CLI Reference

Complete reference for all wsh commands. The binary name is wsh (installed via cargo install wsh).

Global options

Flag	Description
`--profile <NAME>`	Use a named profile instead of the default
`--version`	Print version information
`--help`	Print help

wsh setup

Interactive setup for a specific use case. Installs manifests, locks the policy, adds shell aliases, and installs the guard hook.

wsh setup [BUNDLE]

Available bundles:

codex — OpenAI Codex CLI (git, npm, pip, dangerous-patterns, sanitize-env)
claude — Anthropic Claude Code CLI (git, npm, pip, dangerous-patterns, sanitize-env)
minimal — Coreutils and dangerous-pattern blocking only

If no bundle is specified, an interactive menu is shown.

wsh guard

Manage the global shell guard or evaluate a command string against policy.

Global guard mode

Enable or disable global guarding of all shell sessions. By default, only agent-spawned sessions are policy-checked. Use --all to guard every session on the machine (recommended for dedicated agent machines).

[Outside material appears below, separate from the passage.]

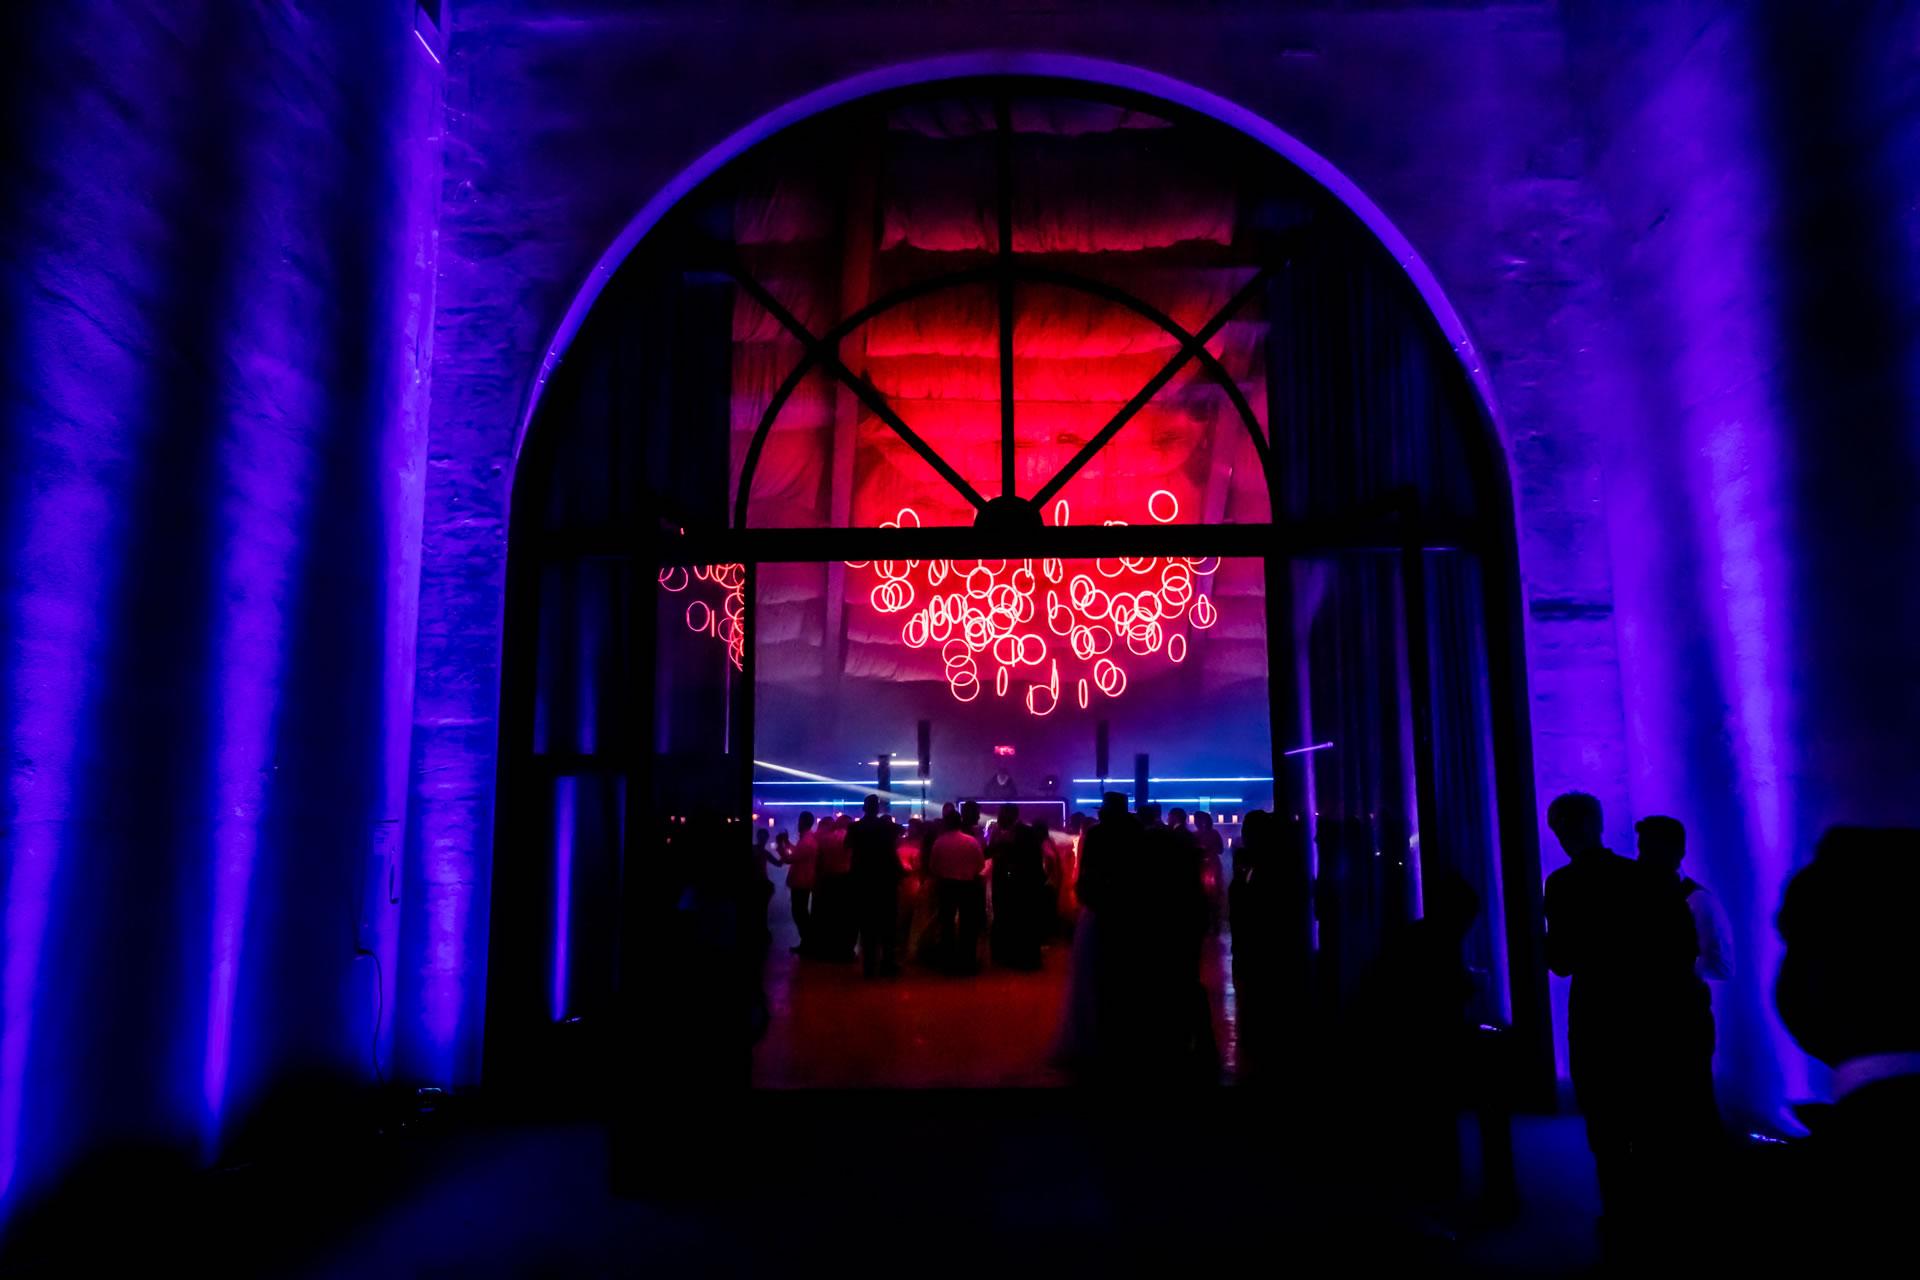 Event - 95 :: Luxury wedding at Il Borro :: Luxury wedding photography - 94 :: Event - 95

wsh guard --all              # enable global guard
wsh guard --off              # disable global guard
wsh guard                    # show current status

--all adds export WSH_GUARD=1 to ~/.zshenv and ~/.bashenv. --off removes it. No lock required — this is a shell environment setting, not a policy change.

Shell hook mode (internal)

When called with a command string argument, evaluates it against policy. Used internally by the .zshenv/.bashenv guard hook. Skips shell builtins, checks external commands, logs to audit. Returns exit code 0 (allow) or 1 (deny).

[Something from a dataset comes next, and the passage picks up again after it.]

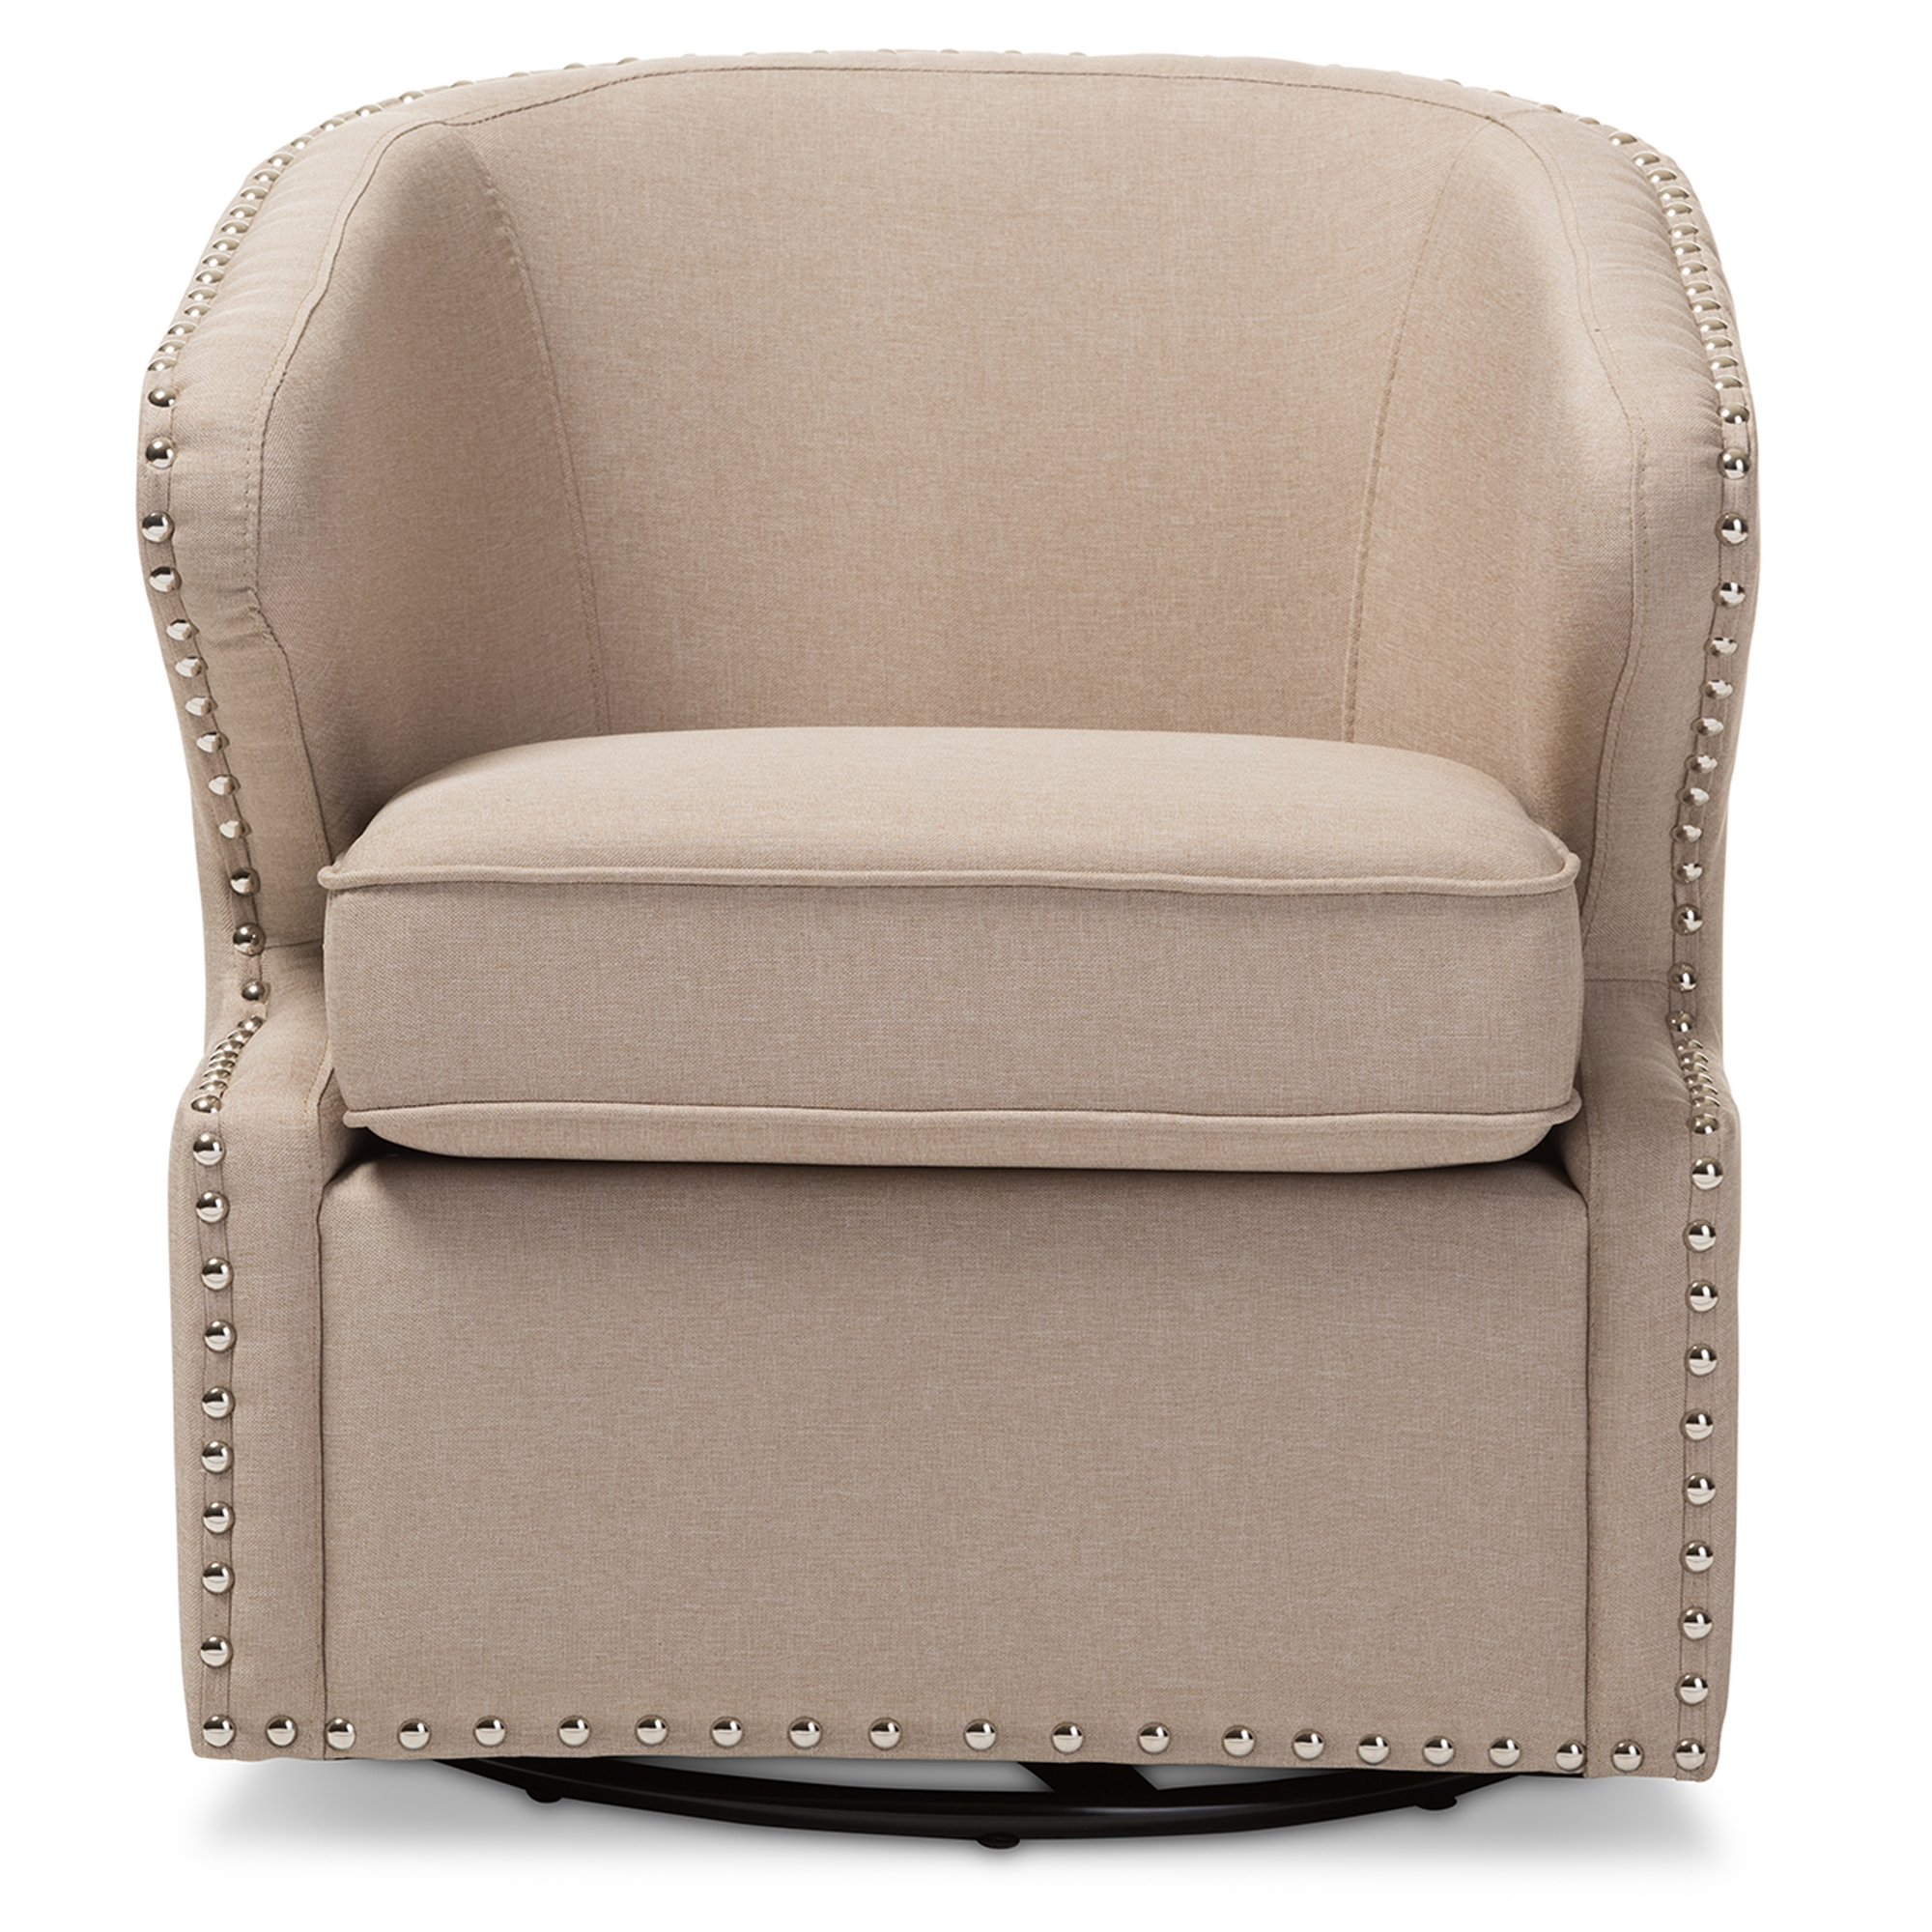 Baxton Studio   Wholesale Accent Chair   Wholesale Living Room Furniture    Wholesale Furniture

wsh guard "<COMMAND_STRING>"

wsh exec

Execute a command under warrant enforcement. The command is checked against the signed policy before execution.

wsh exec -- <COMMAND> [ARGS...]

Everything after -- is treated as the command to execute. Hyphen-prefixed arguments are passed through to the target command.

Examples

wsh exec -- git push origin main
wsh exec -- cargo build --release
wsh exec -- curl https://api.example.com

wsh check

Dry-run a command against the policy without executing it. Reports whether the command would be allowed or denied.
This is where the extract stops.